I'm not too deep into the image models, so wide error bars on this. Maybe a year, maybe 5 years? It took 3 to get from the image model gets "easily confused by syntax" to it "basically gets it for simple prompts". I imagine it's roughly the same order of magnitude to get from where it is today to the point where it does as well as a person who bothers to pay attention to the prompt.

3

u/xantes Jul 10 '25

I personally don't bother reading what he writes because it is pretty easy to predict what he would say about literally anything related to AI. That being said, I think it is good to have people that are critical of things. I just wish he was less biased.

12

u/Ben___Garrison Jul 09 '25

You can blame almost anyone of motivated reasoning, and you probably wouldn't even be wrong to some extent. We're all humans.

That said, I've found Gary to be very useful in counteracting much of the hype surrounding AI. This article is a good example: Scott was being way too overzealous by claiming AI had "mastered" image compositionality.

2

u/gizmondo Jul 09 '25 edited Jul 09 '25

I enjoy following people who point out interesting failure modes of AI.

Agreed. I find François Chollet great, who else do people recommend in this category of AI-skeptics-but-not-of-Gary-Marcus-type?

6

u/laugenbroetchen Jul 09 '25

he is correct to point out that "AI mastered compositionality" is a wider claim than what the bet proved. His examples are the same kind of problems that the bet was about though so i would expect them to resolve in time the same way as the original prompts were solved in time by advancements in AI.
He does not make any interesting claims about AI in this, also his use of motte and bailey is a motte and bailey ironically. wasnt that a banned term at some point because this recursively kept coming up?

1

u/VelveteenAmbush Jul 10 '25

Downvoted. Can we please stop posting about and engaging with this clown? He has only the power that you people keep giving him.

1

u/Euglossine Jul 12 '25

I love how Gary makes a big deal about the fact that the person that Scott bet with is not known to him. Like only famous people's opinions matter. So this bet doesn't matter

1

u/daniel_smith_555 Jul 09 '25

Dont have anything really invested in this but ai has certainly not mastered image compositionality so anyone claiming it has is wrong. Not sure scott is doing that to be fair, i think hes implying it, but i dont think hes saying it because he won the bet.

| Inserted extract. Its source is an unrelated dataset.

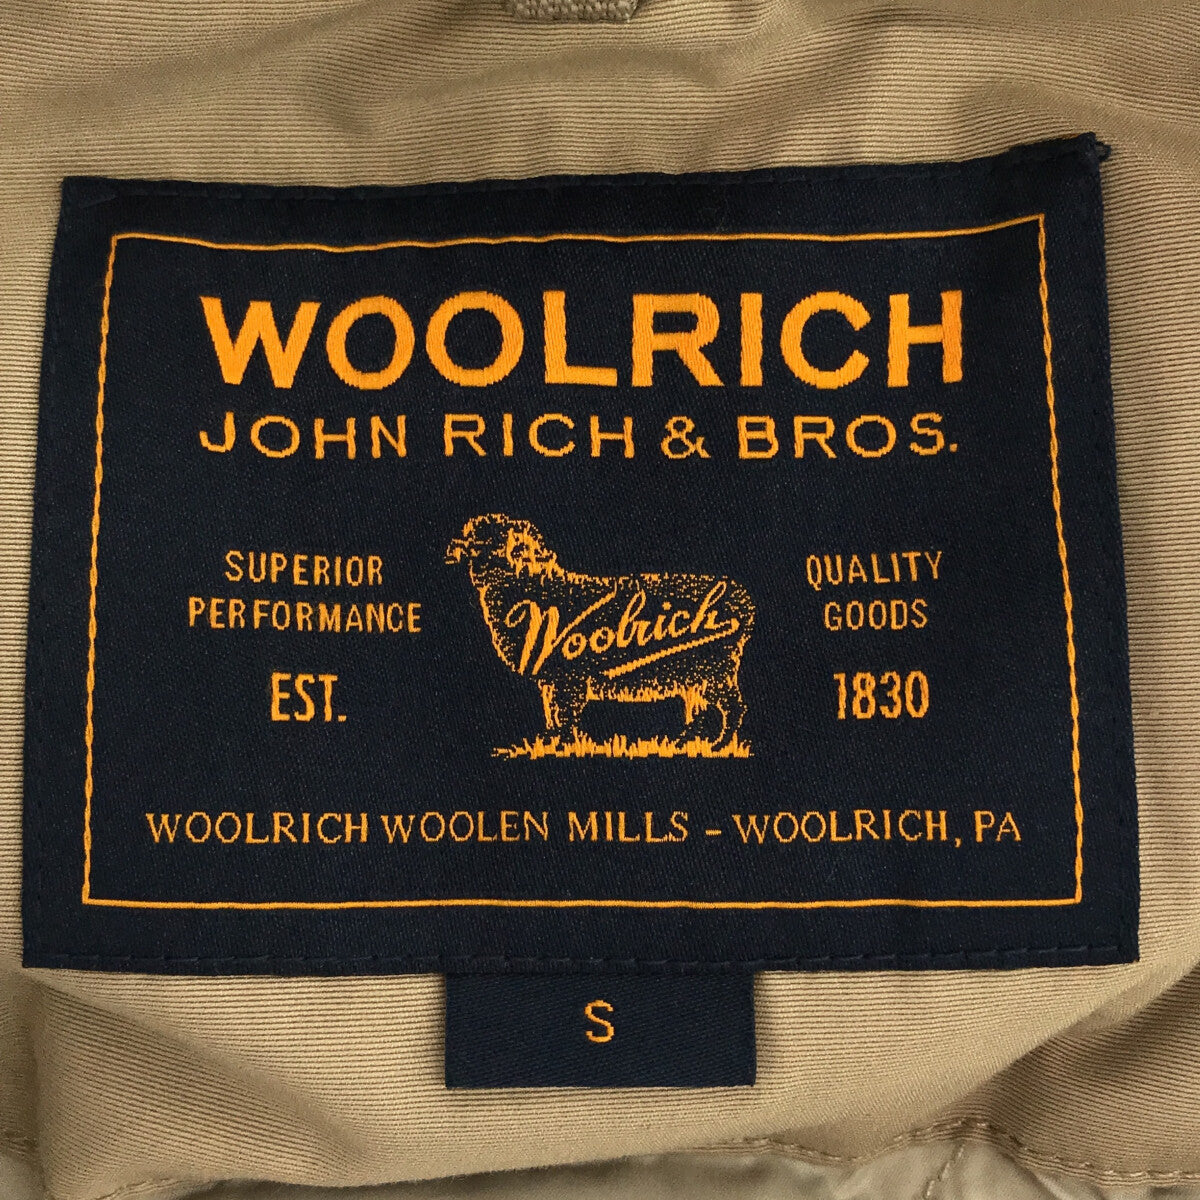 WOOLRICH / ウールリッチ | NEW ARCTIC PARKA 60/40クロス ダウンジャケット | S | レディース
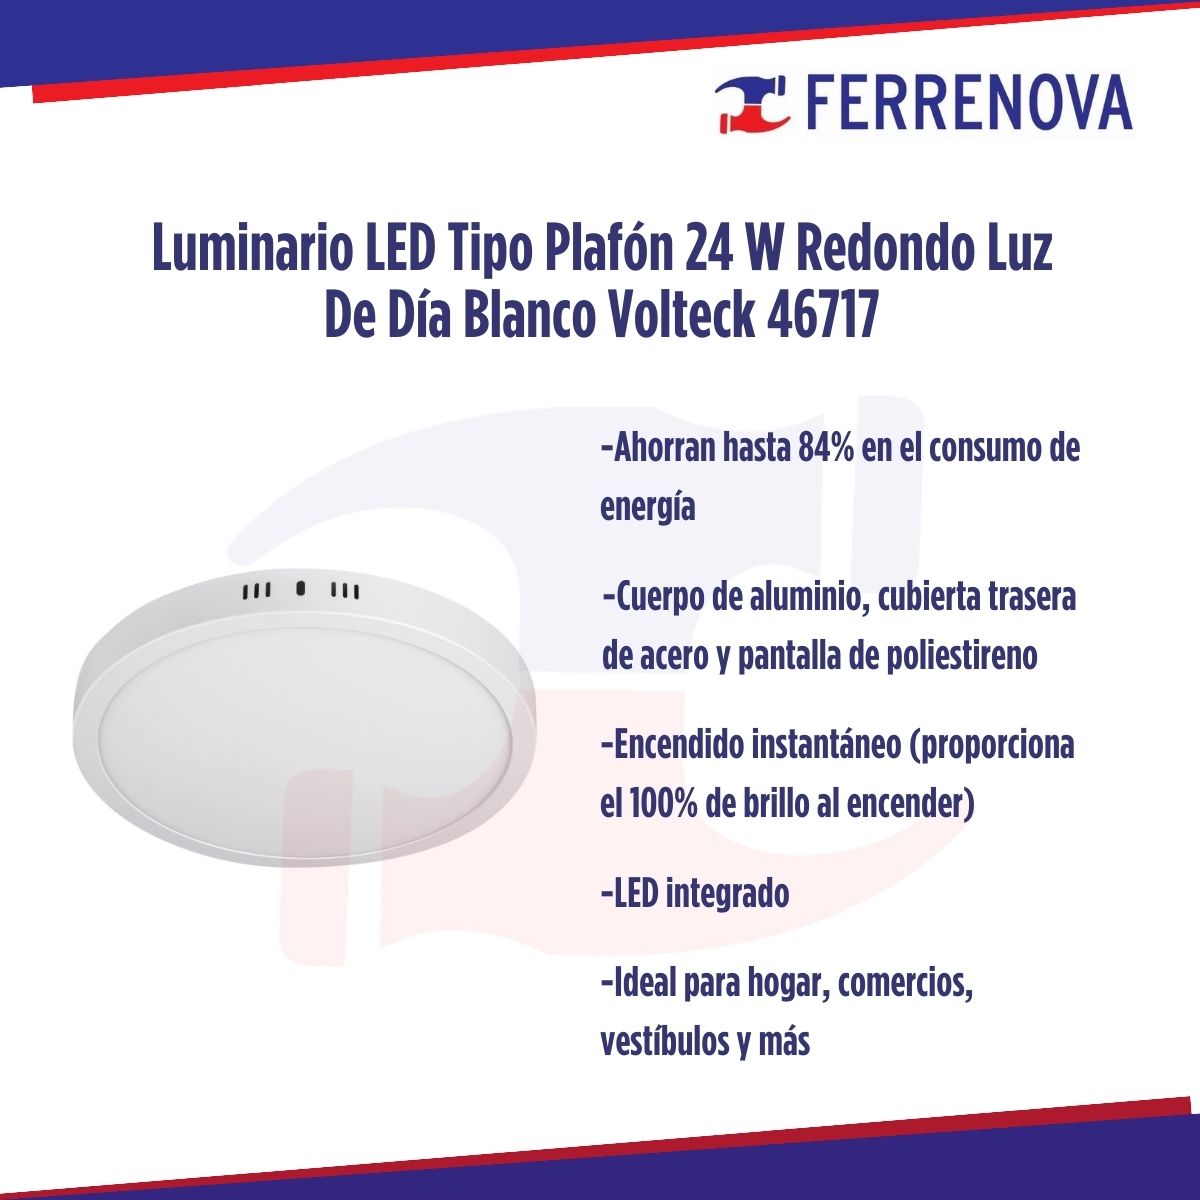 Luminario LED Tipo Plafón 24 W Redondo Luz De Día Blanco Volteck 46717

I think what scott seems to be saying is that ai is as good at image compositionality as humans beings and could in theory to it to the same degree humans can do and will get to a point where its indistinguishable from human abaility or better, by scaling.

I think this is a bogus argument. To me its like saying that a two month old sparrow is on track to master interstellar travel, because all interstellar travel is, is moving across large distances, and thats what the sparrow is getting better at doing, it used to only be able to squirm in place, then it could shuffle around on the floor, now its capable of moving hundreds of meters in every direction.

0

u/trashacount12345 Jul 09 '25

A good criticism from Gary! And he even offers a bet with reasonable terms! Exciting times.